When Alabama was admitted to the Union in 1819, a county was formed to include these lands, and it was named "Marengo," for the battle fought by Napoleon against the Austrians at the village of Marengo, on June 14, 1800. The county seat was named "Linden," for the Austrian village of "Hohenlinden," in memory of the victory gained by the French under Moreau over the Austrians, December 3, 1800, at a village in Bavaria of that name.17
p24 The original townsite of Demopolis was sold by the Government to an American Company and now is a city of five thousand inhabitants, in Marengo County, Alabama.
Thus the names of the County and its principal cities preserve many recollections of the settlement made by The Soldiers of Napoleon!
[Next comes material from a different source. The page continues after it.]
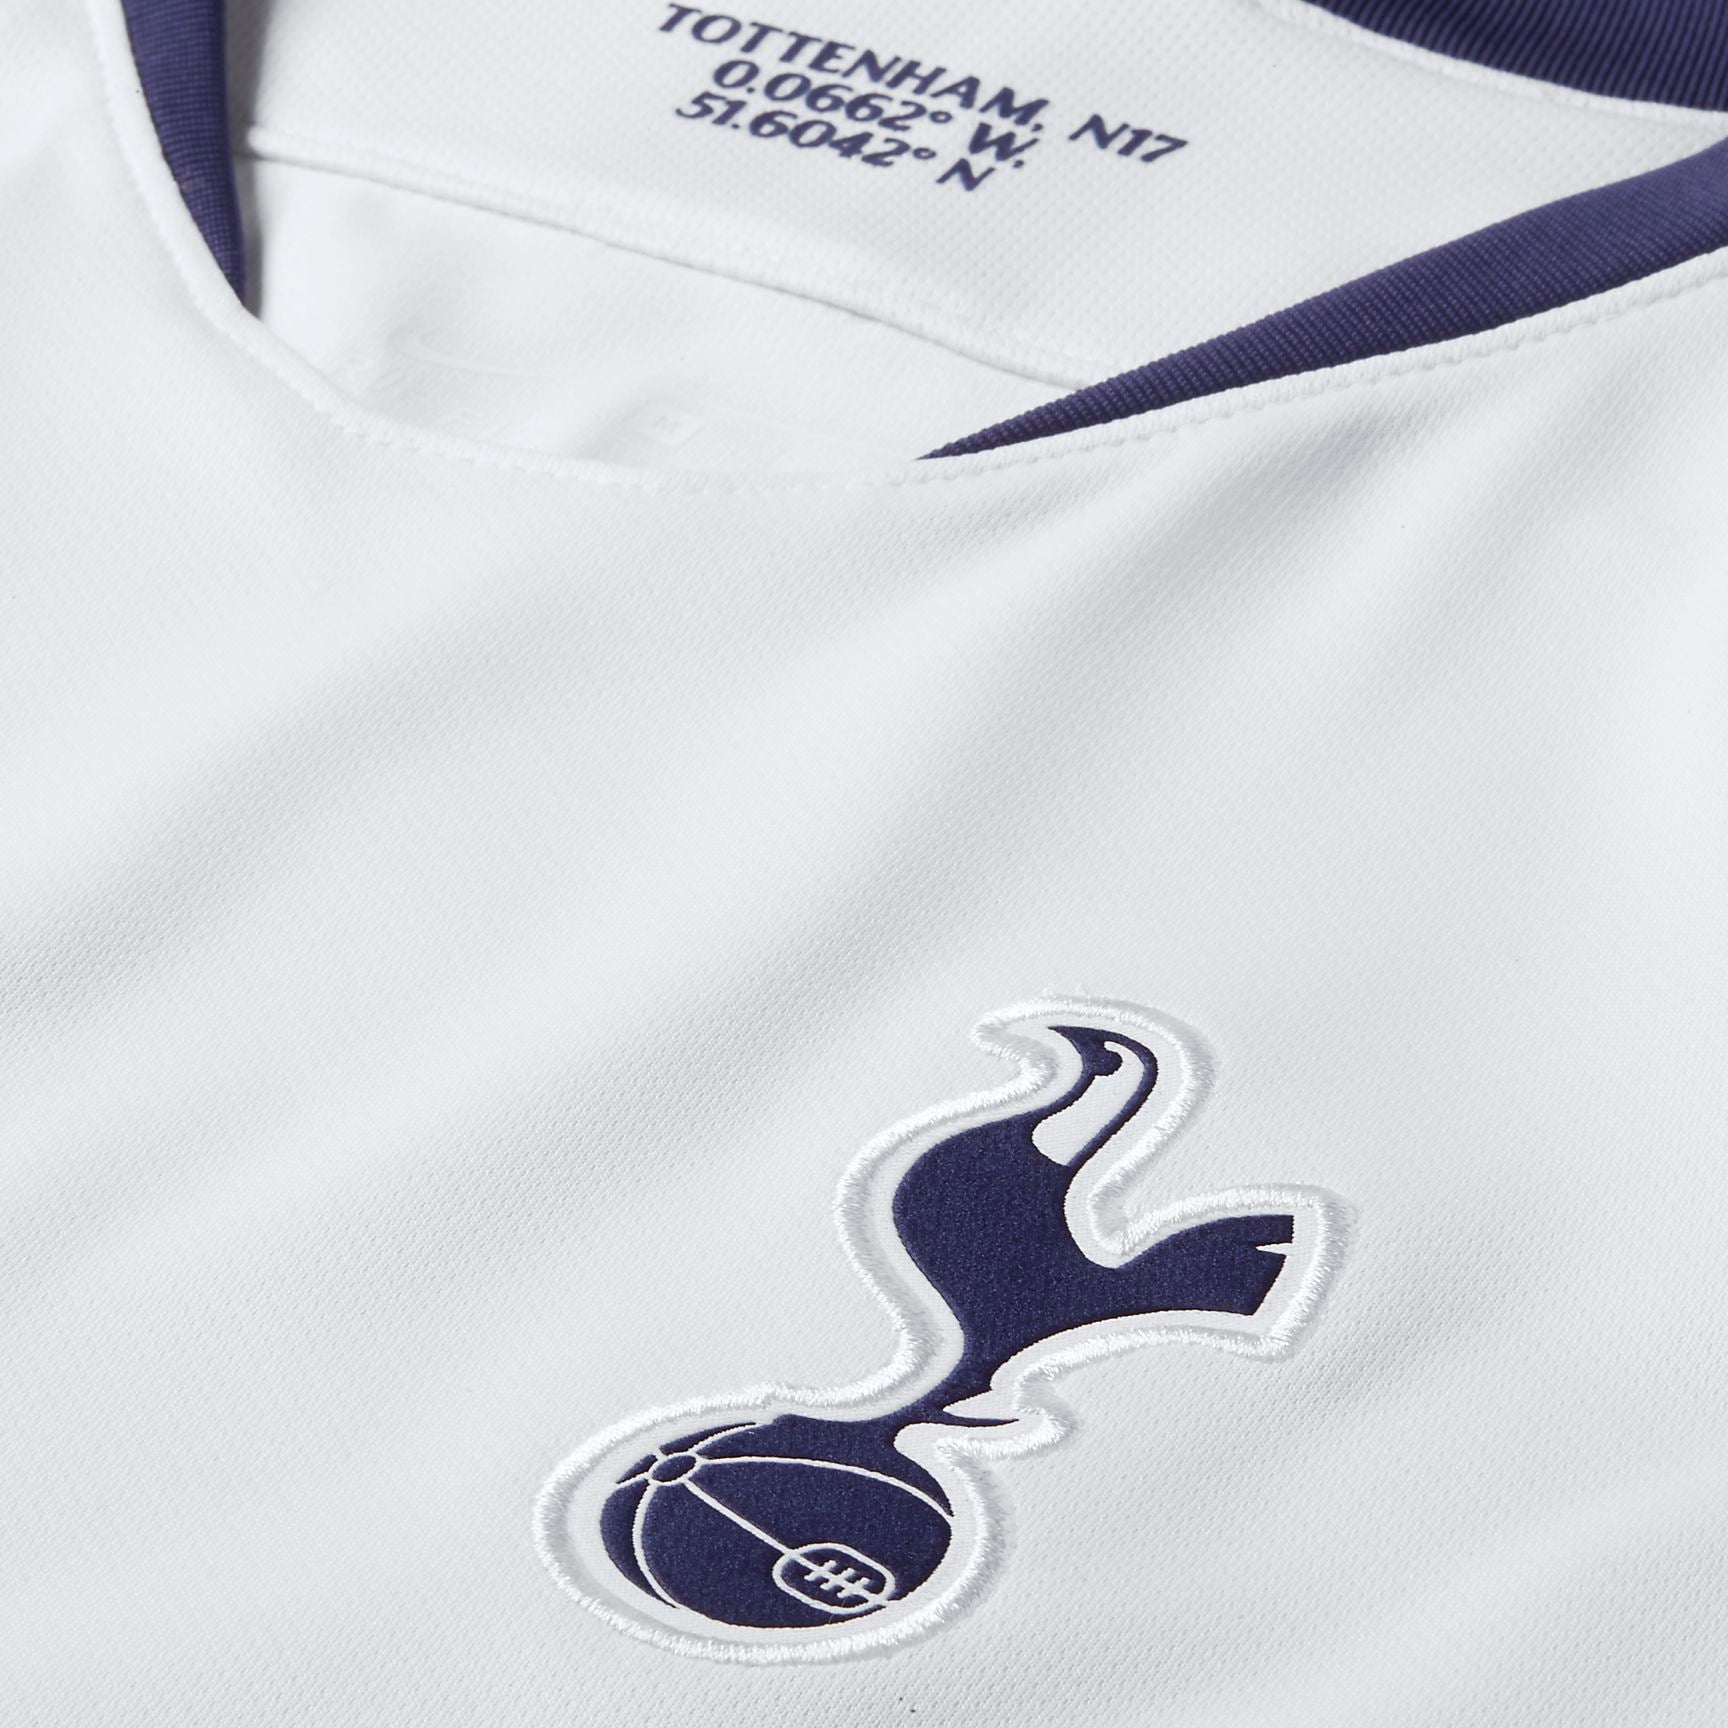 Tottenham Hotspur 2018-19 Away Kit

Unlike the Anglo-Saxon pioneer, who looked first to the clearing of the land and was willing to bear the discomforts of isolation while making a place for himself in the wilderness, the French Military Adventurers turned attention first to the organization of a town. "Manufacturing" was a part of the original name of the Society, although there is no evidence that they considered any type of industry, except the cultivation of the vine and the olive.
By the time the contract was signed, January 8, 1819, many of the shareholders had left Alabama and forfeited their claims. The Senate decided to investigate. Resolution was passed directing the Secretary of the Treasury to report upon the state of the settlement. The report was made in due course,18 to which was attached a report of Ravesies, Agent of the Society.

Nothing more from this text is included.